Hardware limitations compound this issue. Several reviewed studies relied on laboratory-grade sensors such as multi-channel EEG systems or infrared cameras, which are impractical for continuous in-vehicle use. When researchers substituted these for more accessible alternatives—such as monocular cameras or wearables—the resulting drop in data resolution and signal reliability often impacted model performance. Moreover, discrepancies in sensor calibration, alignment, and synchronization between training and deployment environments posed additional challenges for replicability and robustness.

Environmental conditions further introduce unpredictability into model behavior. Studies showed that variations in ambient lighting, road surface, cabin configuration, or external weather could significantly distort behavioral or physiological signals. For instance, changes in natural light can mask facial landmarks, while vehicle motion artifacts affect sensor stability. These variations are difficult to simulate fully in experimental setups and remain a primary reason for performance degradation when transitioning from controlled to real-world contexts.

System integration also emerged as a recurring barrier.
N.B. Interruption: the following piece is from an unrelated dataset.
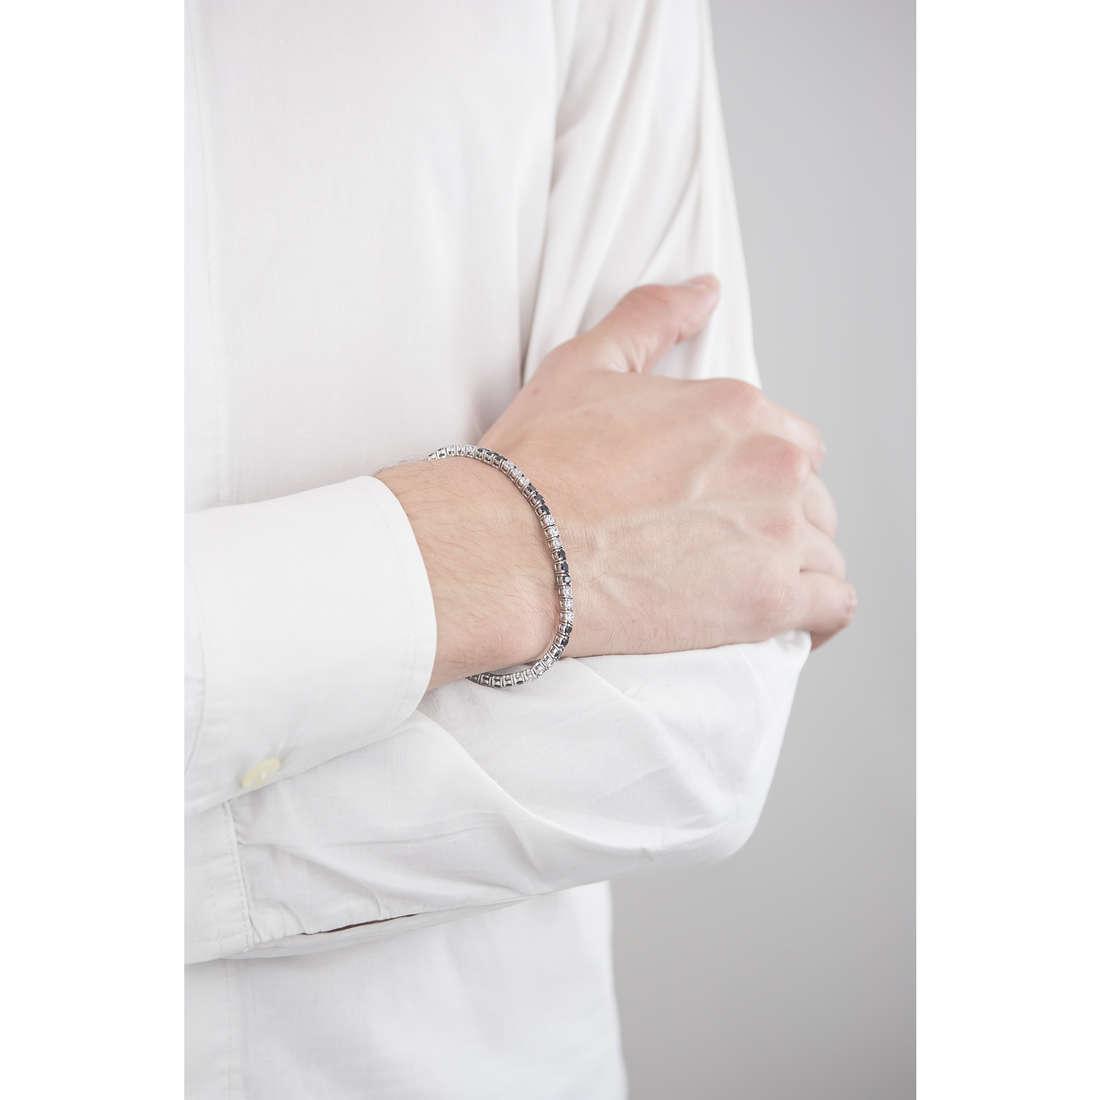 Luca Barra bracciali uomo LBBA740 indosso

For a model to be embedded in a vehicle system, it must operate within real-time processing constraints, comply with automotive safety regulations, and interface seamlessly with existing infotainment or telematics platforms. Only a limited number of studies engaged with these engineering requirements, indicating a disconnect between algorithm development and deployment readiness. The absence of modular design standards or compatibility with automotive-grade hardware further inhibits broader adoption.

Usability and driver acceptance are equally critical. Systems perceived as intrusive—such as those requiring facial monitoring at close range or prolonged wearable use—may lead to discomfort or resistance. Moreover, false positives and false alarms can reduce driver trust, particularly if corrective alerts occur too frequently or under benign conditions. Surprisingly, few studies systematically evaluated user feedback, ergonomic design, or post-deployment maintenance, all of which are vital for sustainable adoption.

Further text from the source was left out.